On peut penser que l’établissement des télégraphes, de ce service exclusivement réservé à l’état, avait fortement donné à réfléchir aux hommes qui voient dans la spéculation un moyen de s’enrichir, pour qui le gain sans travail est l’idéal de la vie, et qui cherchent partout des renseignemens à l’aide desquels ils puissent jouer à coup sûr. Avant l’invention des chemins de fer, avant l’application de l’électricité à la télégraphie, le cours de la Bourse de Paris n’était connu à Bordeaux, à Rouen, à Lyon, à Marseille, qu’à l’arrivée de la malle-poste.

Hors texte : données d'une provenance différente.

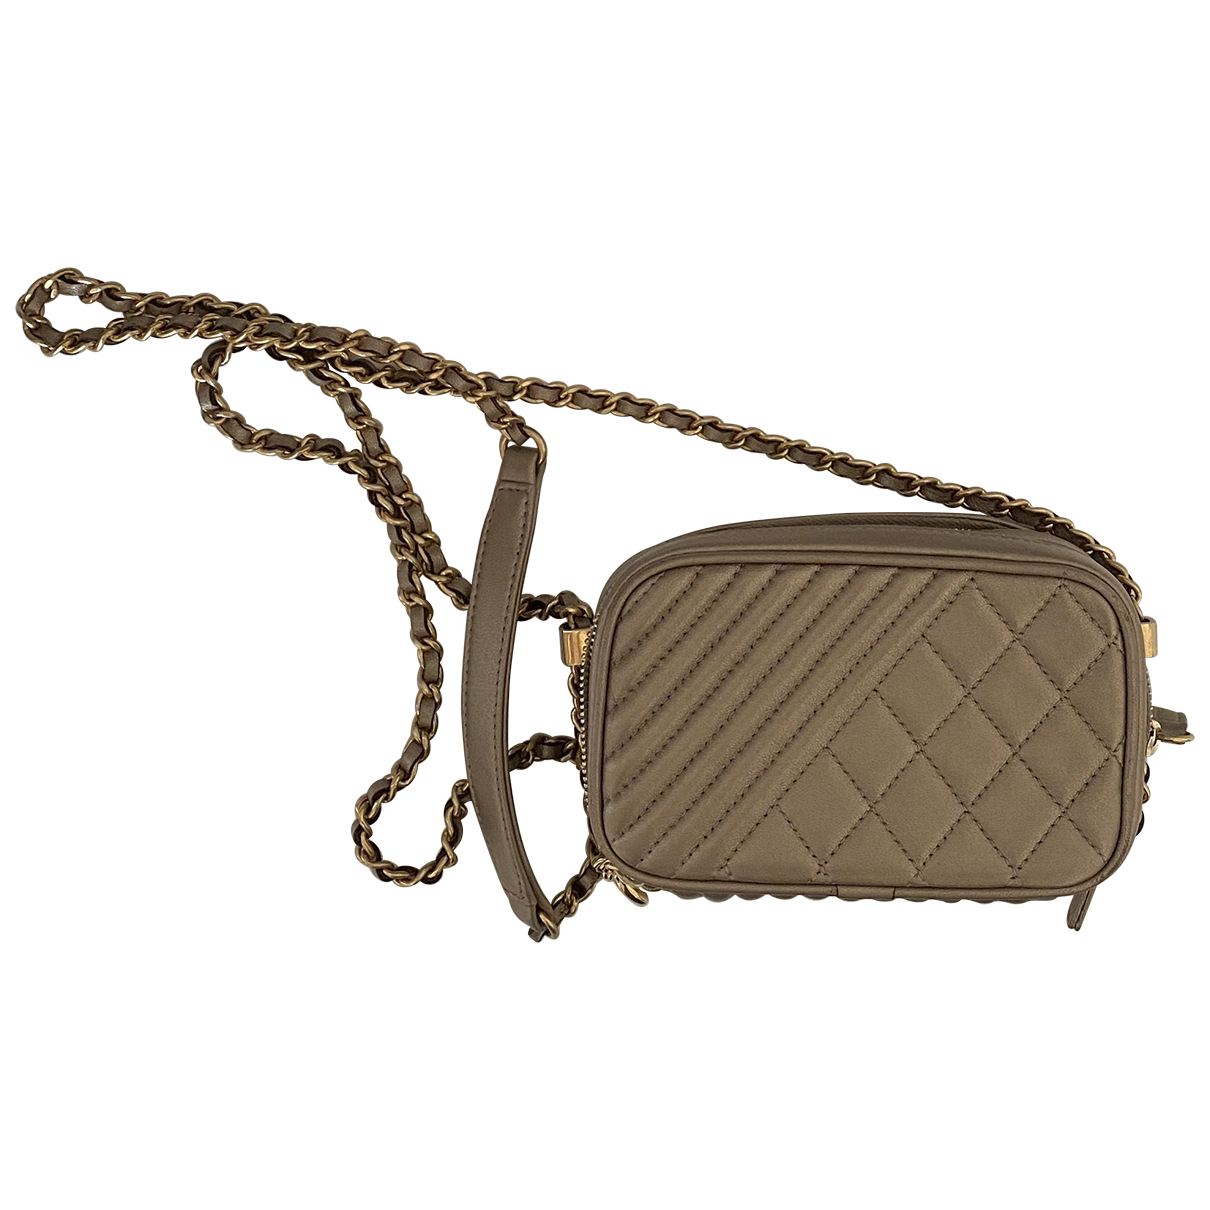 Chanel Camera Beige Leather handbag for Women \N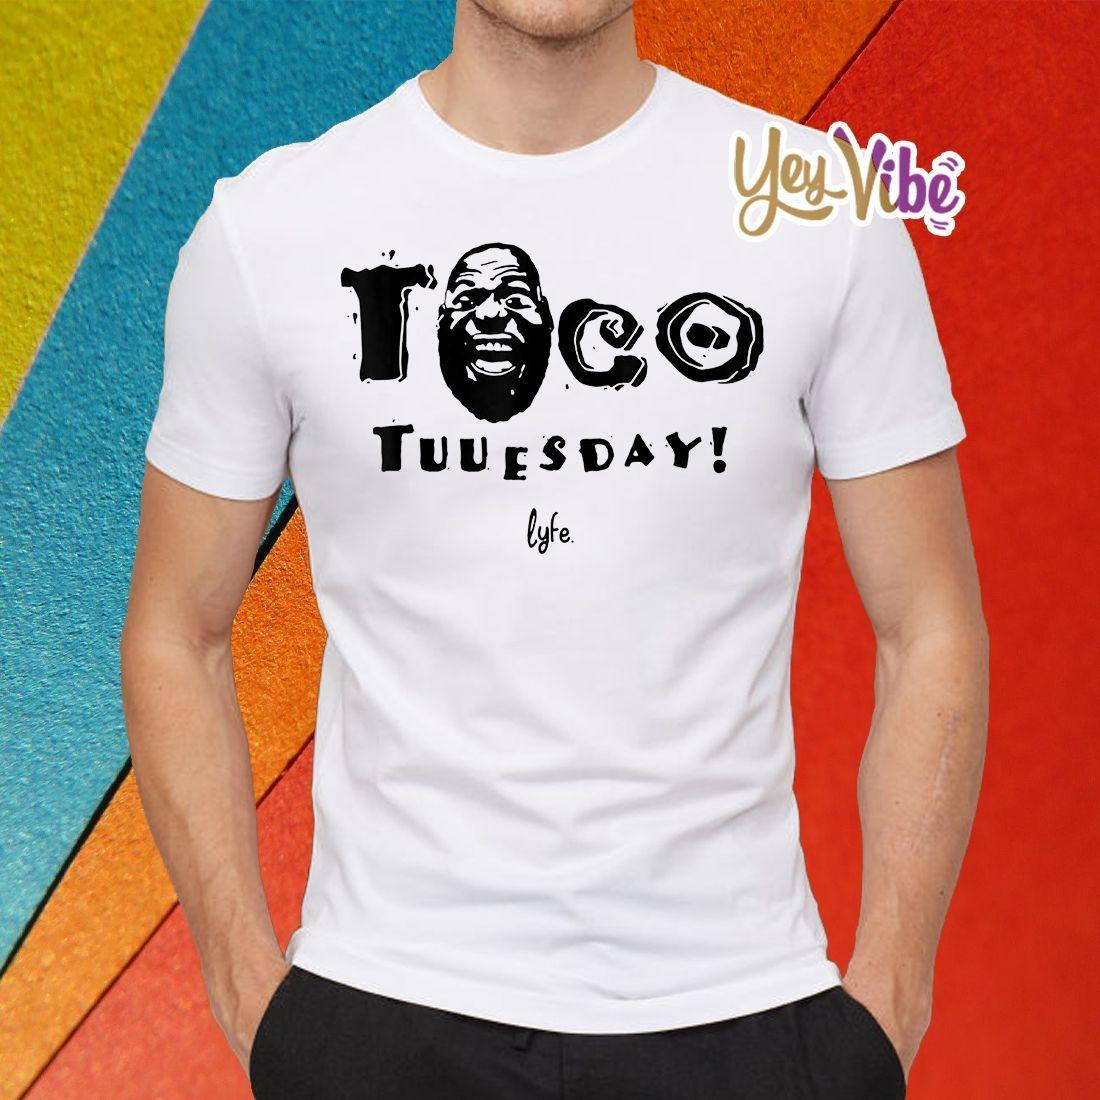 Lebron Taco Tuesday Life Gift Taco T-shirt #tacotuesdayhumor Lebron Taco Tuesday Life Gift Taco T-shirt, Funny Lebron-Taco-Tuesday-Life Gift T-shirt #tacotuesdayhumor

Les agioteurs qui eussent appris le mouvement des fonds publics douze heures d’avance étaient donc en mesure de faire des bénéfices coupables, mais assurés. Or cela seul leur importait. A l’aide de moulins dont les ailes étaient disposées d’une certaine manière, à l’aide de pigeons dressés à cet effet, on essayait d’être renseigné d’une façon positive sur la hausse ou la baisse de Paris. Une ligne télégraphique secrète fonctionna même régulièrement entre Paris et Rouen. Le gouvernement déjouait ces manœuvres de son mieux, mais il n’y réussissait pas toujours. Le cas n’avait pas été prévu par la loi, et l’on s’en aperçut dans des circonstances qu’il faut rapporter.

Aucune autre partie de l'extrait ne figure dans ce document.